Work item |
Write the listing out once more, identical to the original but without pictures.

### Data section

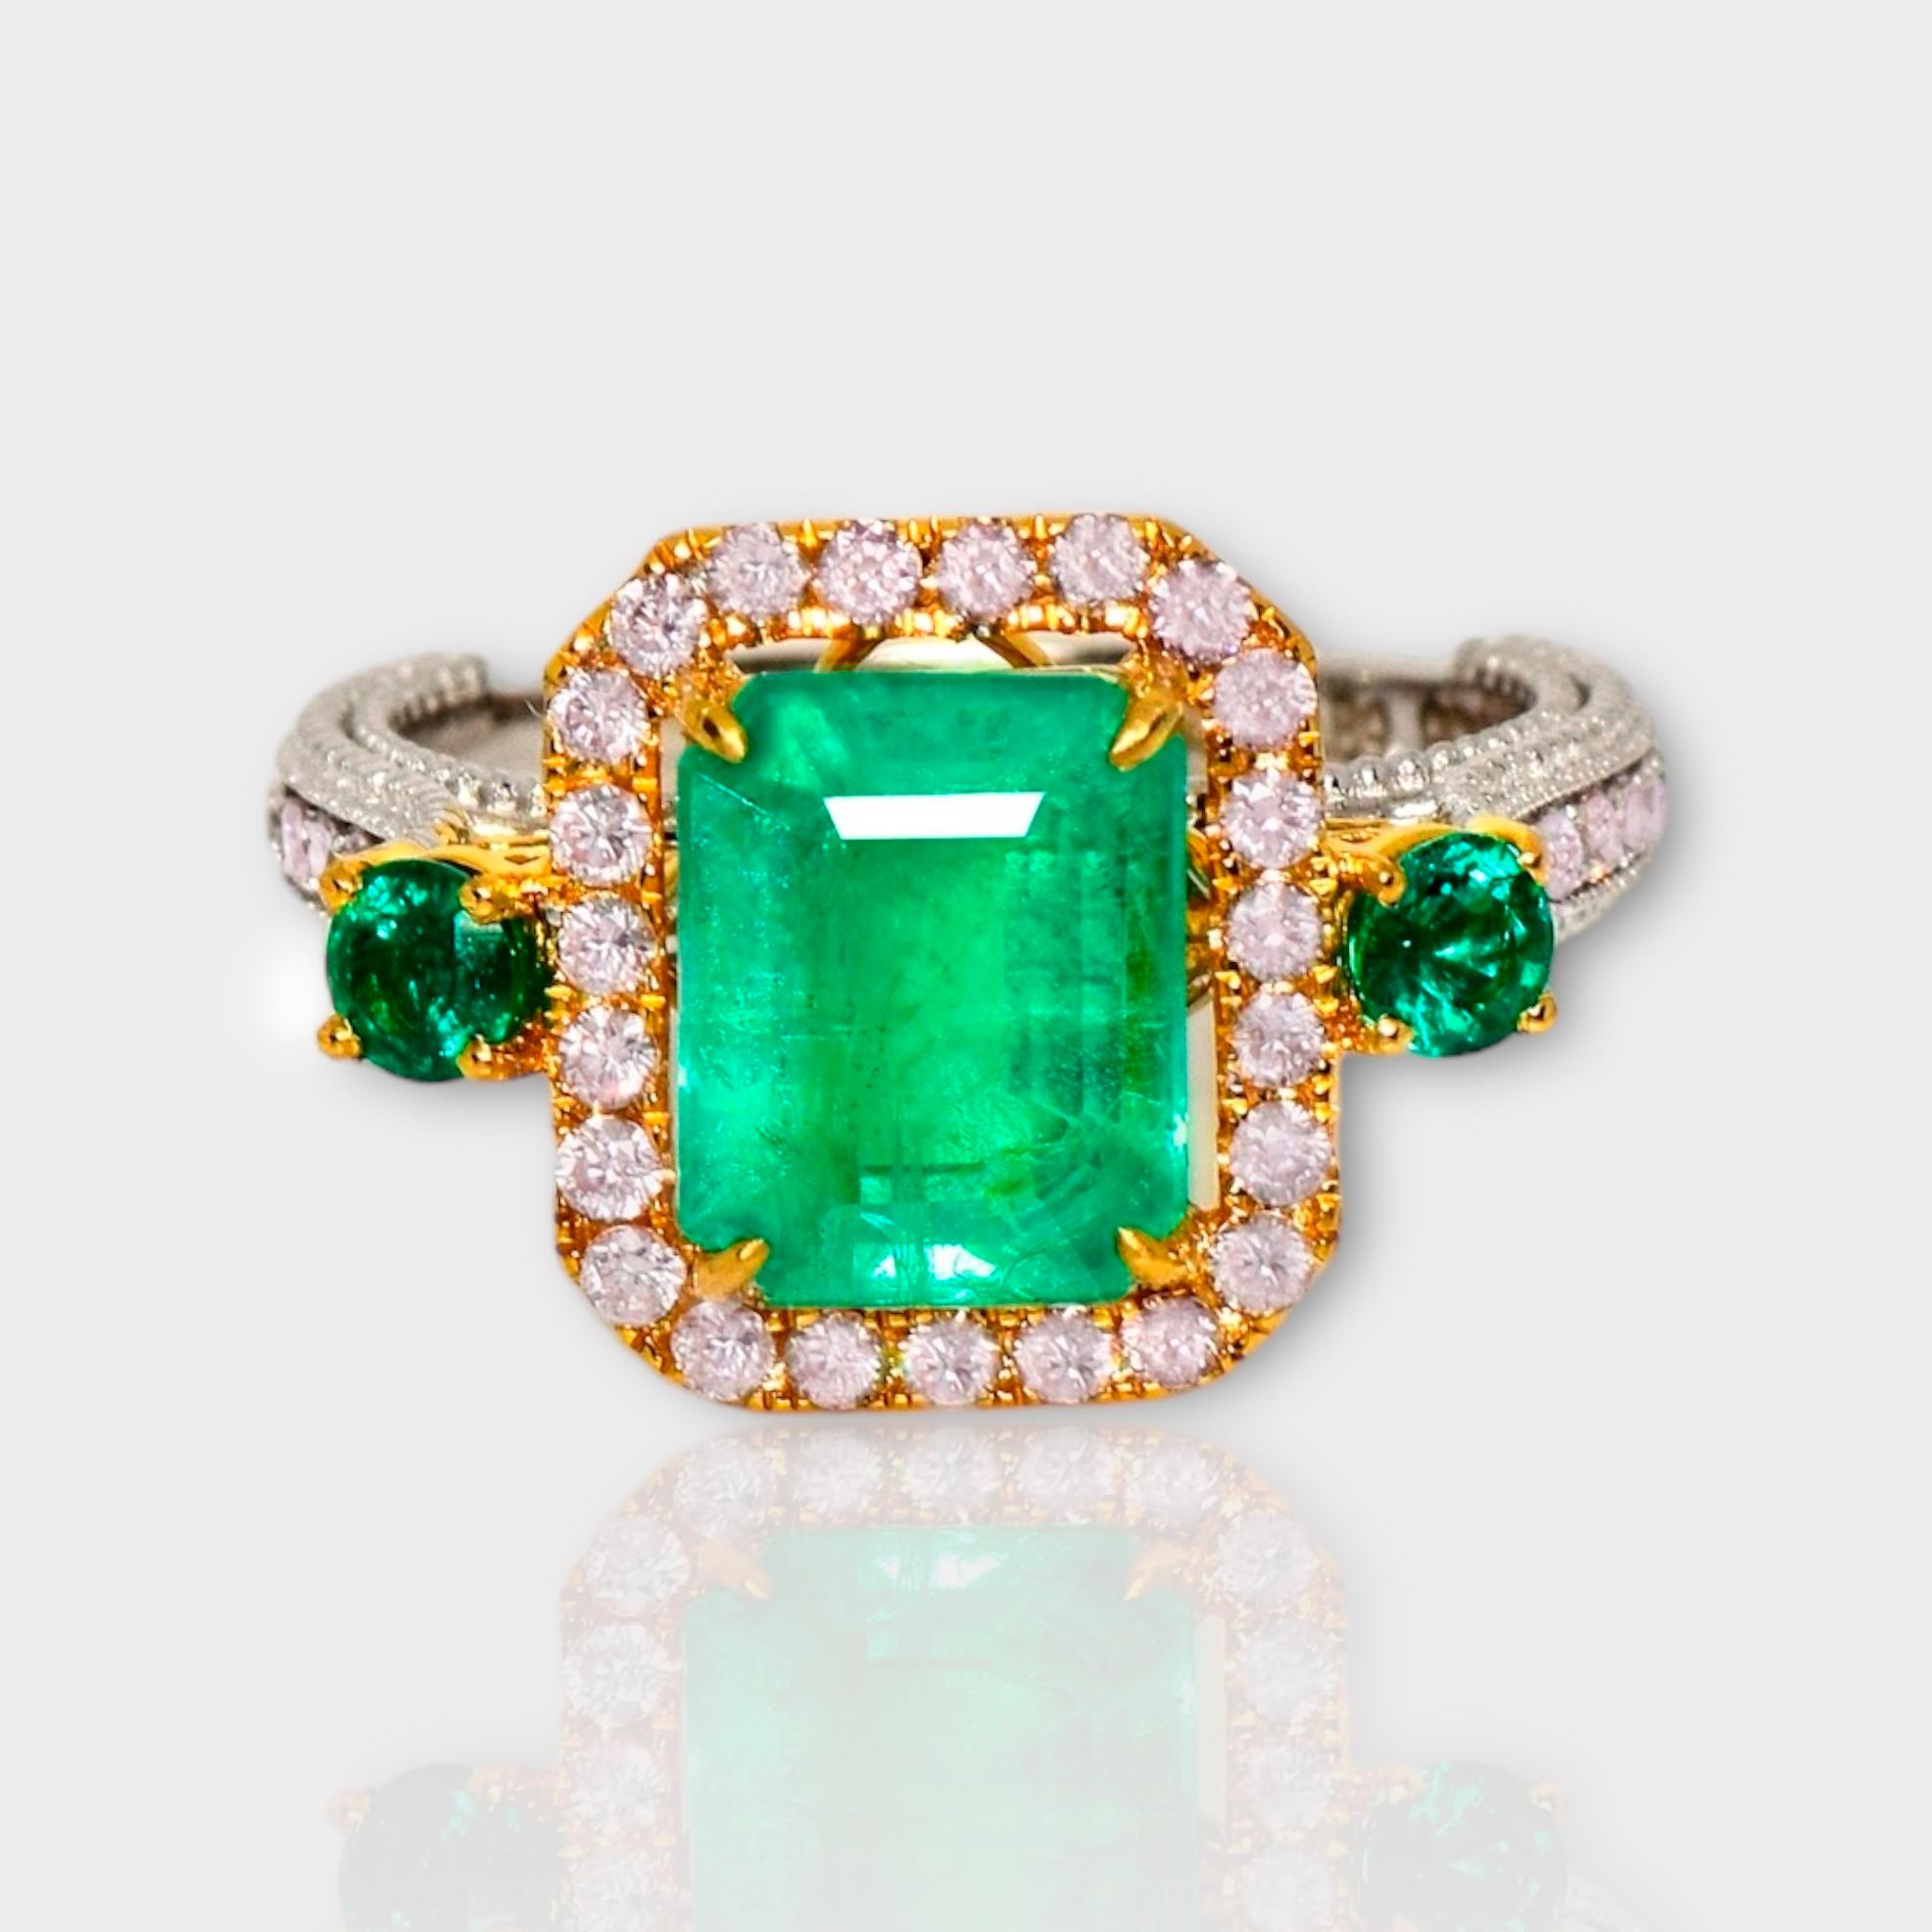 **IGI 18K Dual-color Gold 2.60 ct Emerald&Pink Diamonds Antique Art Deco Style Engagement Ring** 

An IGI-certified natural Zambia green emerald weighing 2.60 ct is set on an 18K dual-color gold arc deco design band with natural pink diamonds
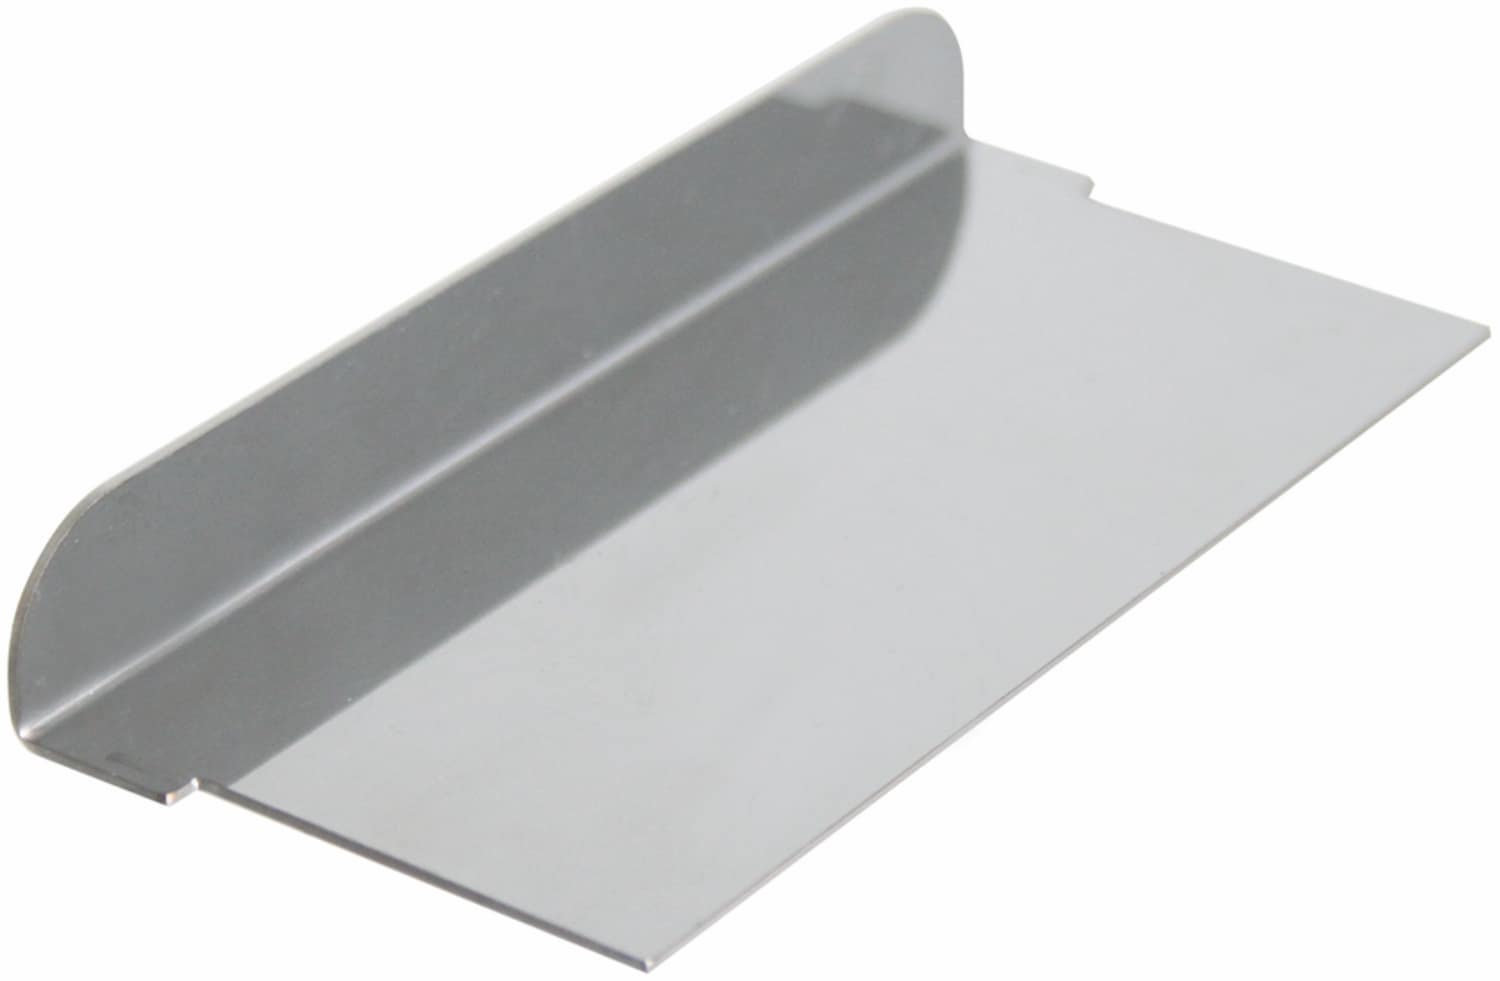 Replacement joint bars for cake display sheets stainless steel

######

Solved problem |
 **IGI 18K Dual-color Gold 2.60 ct Emerald&Pink Diamonds Antique Art Deco Style Engagement Ring** 

An IGI-certified natural Zambia green emerald weighing 2.60 ct is set on an 18K dual-color gold arc deco design band with natural pink diamonds
 Replacement joint bars for cake display sheets stainless steel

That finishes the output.